Friday, March 20, 2015

Review by Al Chase: The Taste of Sunrise

Some Things Are So Beautiful They Do Not Need Sound

photo by Craig Bailey/Perspective Photo

My heart is full and my head is spinning as I sit down to capture my thoughts and emotions after having attended the opening performance of "The Taste of Sunrise - Part Two of The Ware Trilogy" by Suzan Zeder.  This play serves as a prequel to "Mother Hicks," which was presented recently by Emerson Stage.  You may want to take a moment to read my review of that play using the link below.

In this play, the playwright fills in the back story of Tuc.  We learn how he became deaf after a bout with scarlet fever that almost took his life.  We learn of his struggles to communicate with his father, the mixed blessing of his years at the deaf school in Carbondale, and his return home to be with his dying father.  Wheelock Family Theatre is hosting the second segment of this World Premiere event - the first time that all three plays in the Ware Trilogy have been produced in the same city.  All three of the plays are performed bilingually in English and American Sign Language (ASL).
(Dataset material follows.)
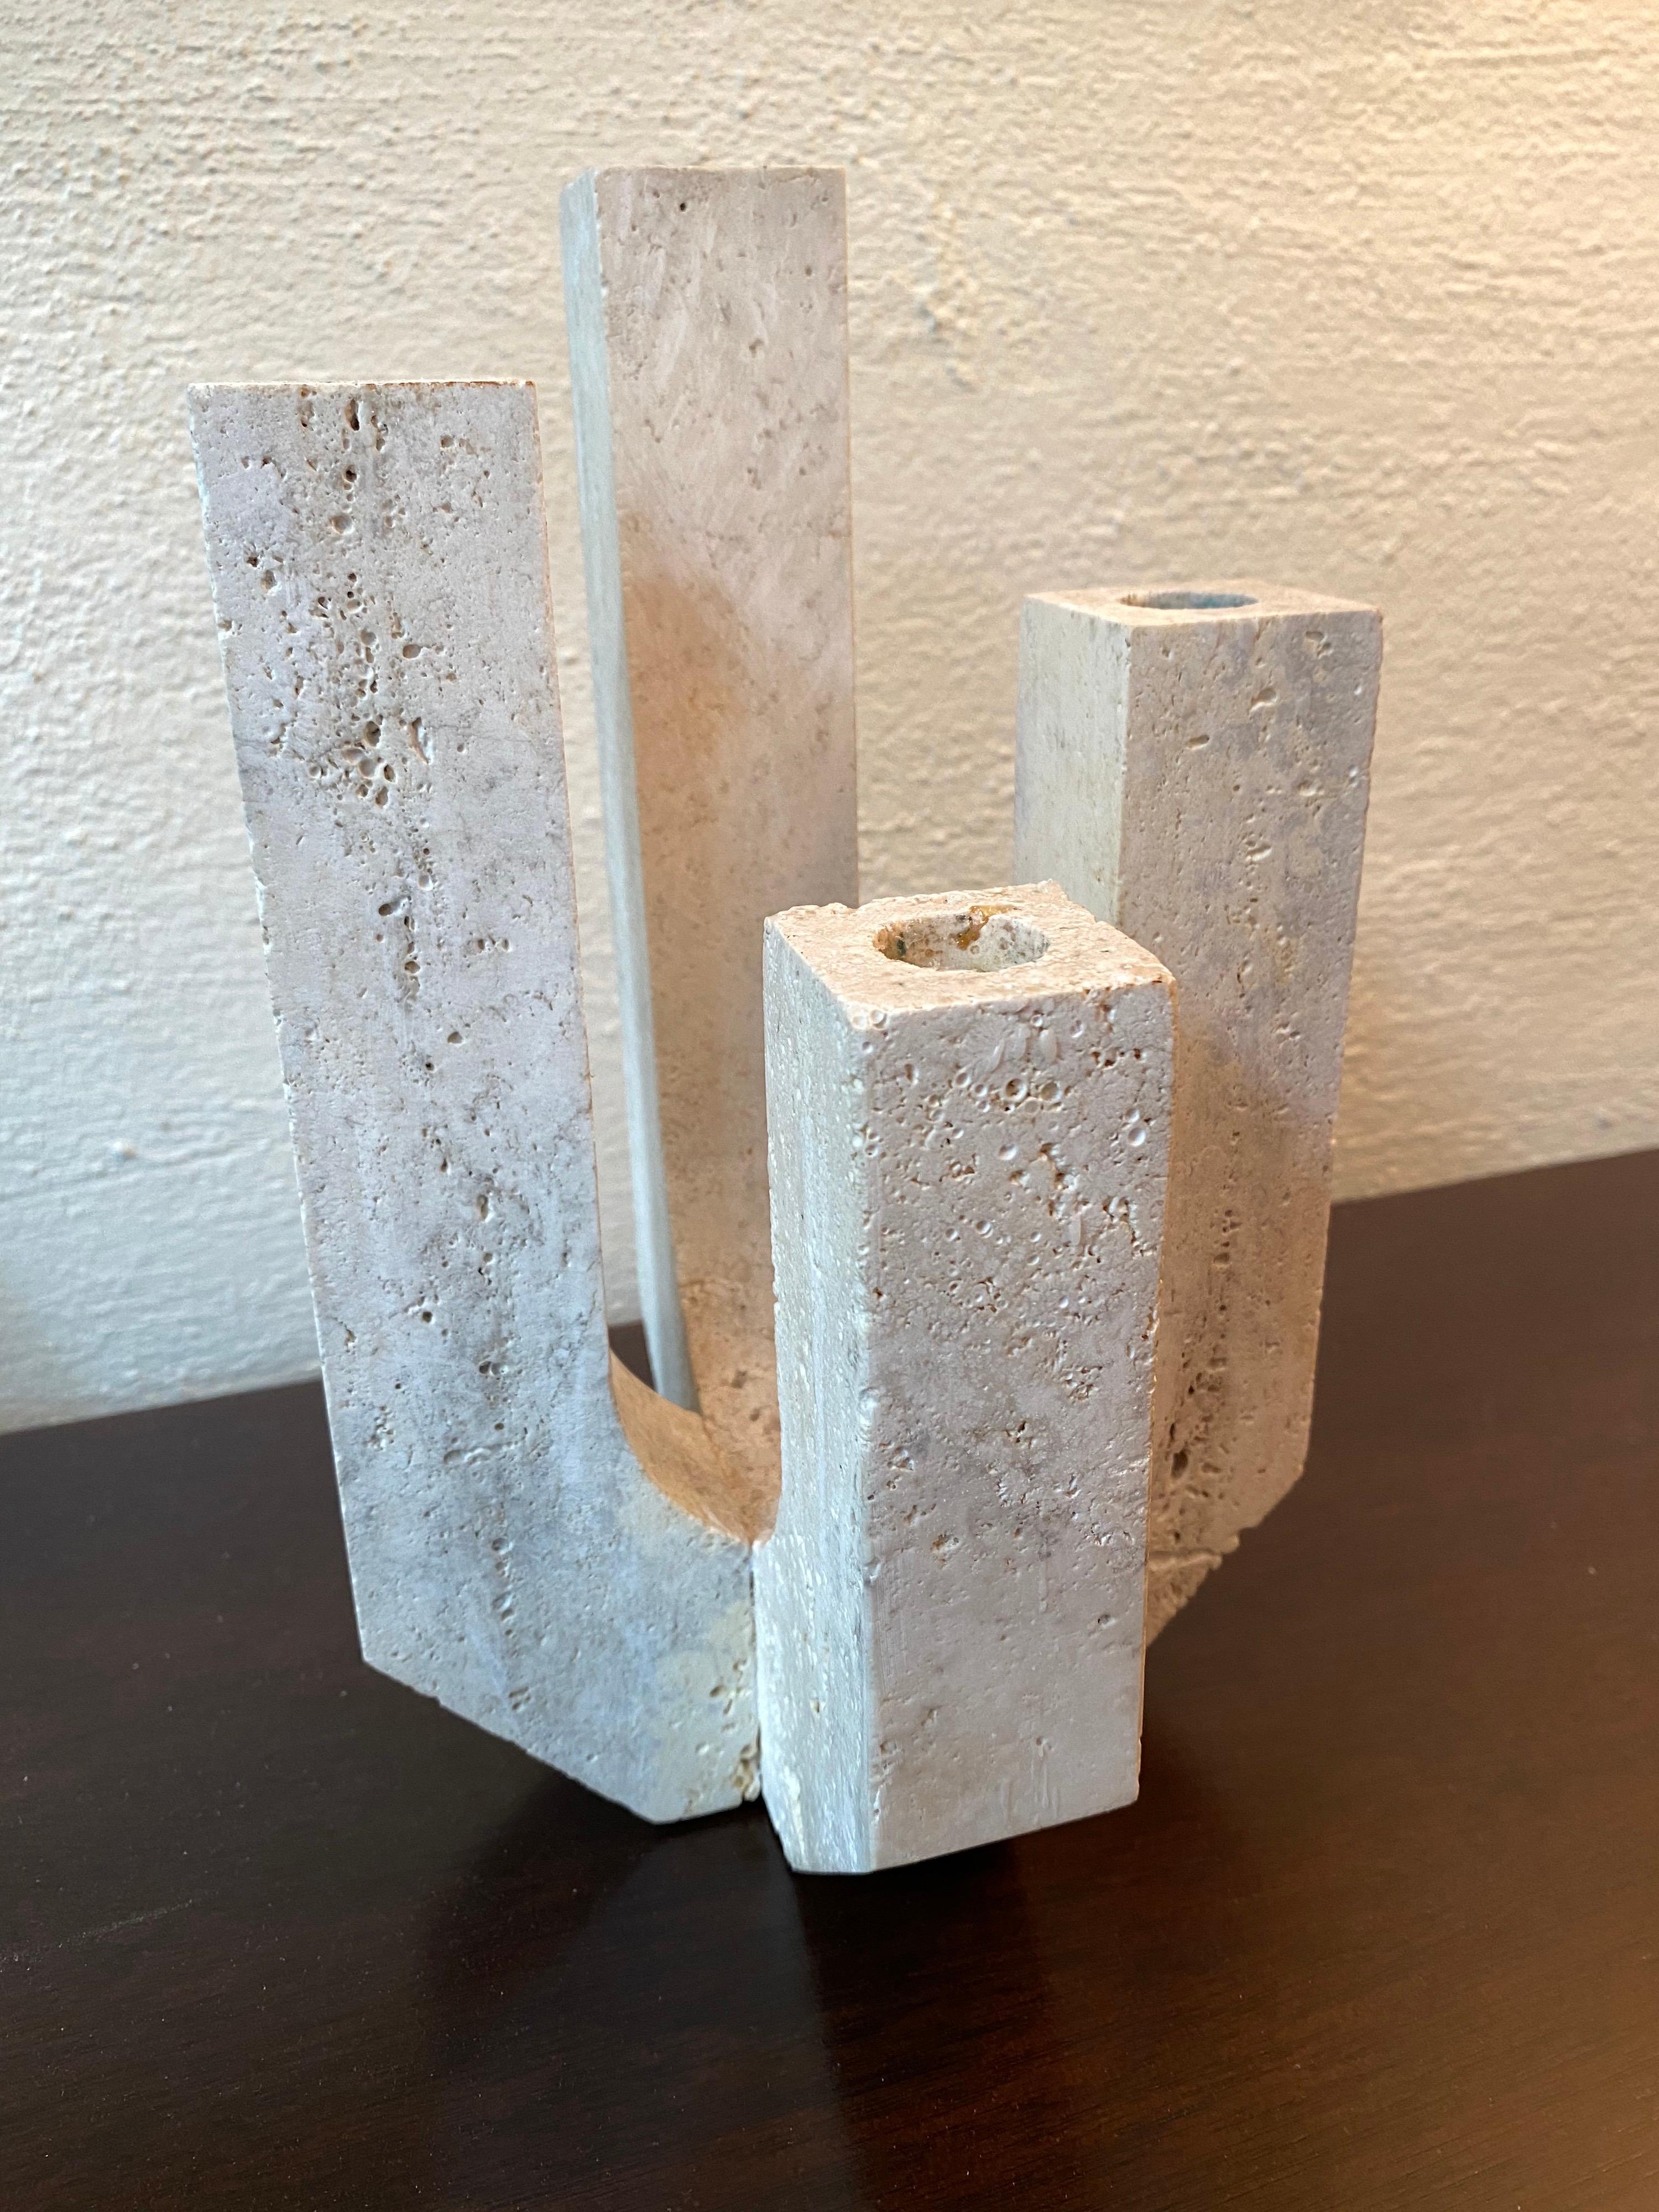 Fratelli Mannelli travertine 4 arm candlestick in travertine. Sculptural form, nicely crafted! I've seen these before with a Raymor Label who was an importer.

If this is Tuc's play, then it is also certainly Elbert Joseph's play.  He is the deaf actor who portrays Tuc. We see his words projected on the upstage wall, we hear his words being spoken by Ethan Hermanson and Cliff Odle, who also plays Tuc's father.  And Mr. Joseph conveys his words with ASL.  As effective as these triple means of communication may be, they are almost redundant.  For the actor's expressions and movement and stage presence are so compelling and so clear that there is never any doubt what thoughts and feelings and intentions he is radiating.  This is one of the finest performances by an actor I have seen on a Boston stage.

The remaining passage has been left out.